Felices farsas
La Navidad y toda su batería de lucecitas y anuncios nos imploran que nos quitemos la máscara, que seamos otra vez lo que dejamos de ser
Antes de que la Navidad empezase en otoño y de que la bulimia consumista acabase con todo, asociaba estas fiestas a ver determinadas películas, escuchar canciones que solo me apetecen por tan señaladas fechas o con algo tan pagano como el teatro, y no solo por el auto de teatro medieval español que han representado en el colegio desde mi madre a mi hija. Para ser más exactos, asocio la Navidad con los cómicos y con esa cualidad desinhibida y alegre que tienen de comportarse sin miedo al absurdo. En su libro El actor y los demás, Fernando Fernán Gómez analiza de forma magistral las paradojas de su oficio, también su diferencia con el resto del mundo: “Esta posibilidad de desahogarse sin correr riesgos, sin amenaza del ridículo, de la cárcel o del manicomio, no la tienen los demás. La perdieron con la infancia”.
La Navidad y toda su batería de lucecitas y anuncios nos imploran que nos quitemos la máscara, que seamos otra vez lo que dejamos de ser. Niños, o cómicos. “El niño quiere serlo todo”, escribe el actor. “Un día, barbero. Otro, cosmonauta. Al siguiente, limpiabotas… La vocación del actor delata en parte este infantilismo”. Con o sin pavo, con o sin lotería, los cómicos siempre parecen estar celebrando algo. Tienen la extraña suerte de poder expresar sus emociones sin paracaídas.
Asocio la Navidad con los cómicos y esa cualidad desinhibida y alegre que tienen de comportarse sin miedo al absurdo
Tengo películas de cabecera para estas fechas. La estadounidense La joya de la familia me hace llorar a moco tendido porque, sin parecerse tanto, se asemeja mucho a mi propia familia y a nuestra forma tan desestructurada como compacta de estar en el mundo. En un momento de la película, mientras el resto duerme o anda por ahí, la hermana mayor de la familia Stone ve un clásico de estas fechas, Cita en San Luis, de Vincente Minnelli, donde Judy Garland canta Have yourself a merry little Christmas. Solo Frank Sinatra me pone aún más triste. La Navidad sin sus villancicos tampoco sería lo mismo.
Pero si pienso en turrones y zambombas, la imagen que me asalta es la de los Pescaílla-Flores, la única dinastía española que, para ser sinceros, me representa. Los vídeos virales de La Faraona me han alegrado muchas fiestas, como aquel de los setenta que resucitó hace un par de años del contenedor de recuerdos de la televisión pública para conquistar a los recién aterrizados millennials. “Por una noche extraordinaria y un año que no se puede aguantar. Coger su copa y brindar conmigo”, nos jaleaba ese fin de año Lola. Es tonto e inútil buscarle una heredera, y más cuando hay una de su propia sangre. Quedó claro en otro de esos vídeos virales que nos hacen perder las tardes. Su nieta Alba se equivocó de estreno en la tan navideña Gran Vía de Madrid, y en lugar de hacer el photocall de Quién te cantará se presentó en el de El fotógrafo de Mauthausen. Su luminosa forma de reaccionar ante la cámara cuando el periodista le hizo ver su error no se ensaya. Es razonable que uno de los apelativos que más circuló esa tarde por las redes fuera el de “diosa”.

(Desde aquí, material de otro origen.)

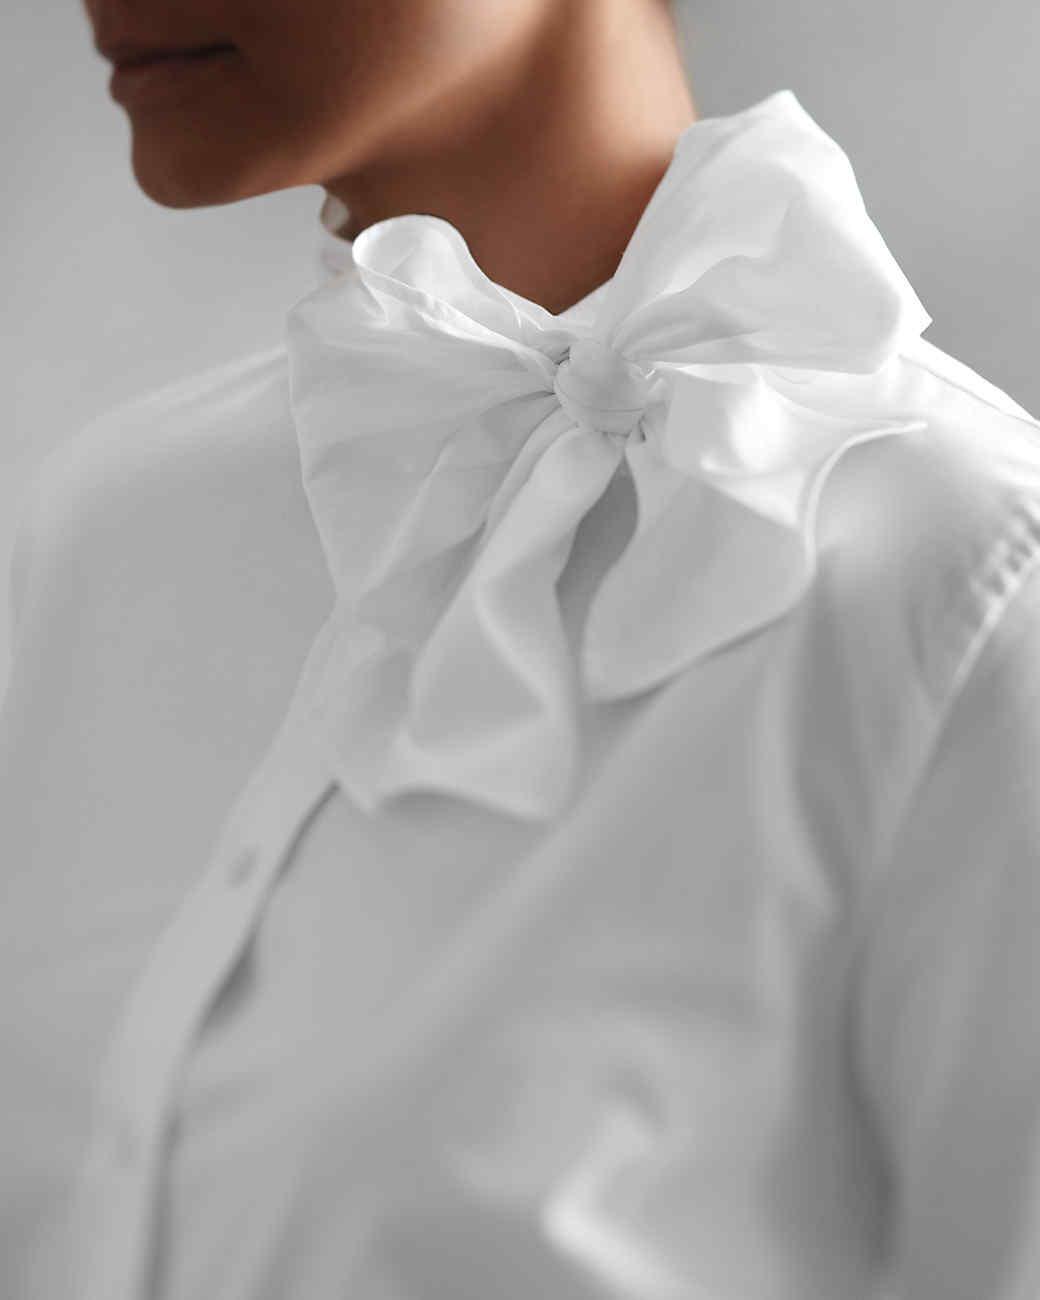 collar-tie-shirt-340r-mld109400.jpg

En su libro, Fernán Gómez busca las claves a por qué se ha marginado a los histriones a lo largo de la historia. La idea de que detrás de ellos se esconde una “moral relajada”, que son capaces de mentir hasta ser otros, los convierte en eternos sospechosos: “Y así como los farsantes tienen como fundamento de su arte la imitación, los demás la tienen como fundamento de su educación, de su amaestramiento, de su domesticación”. Solo me queda, por tanto, desearles una farsante navidad.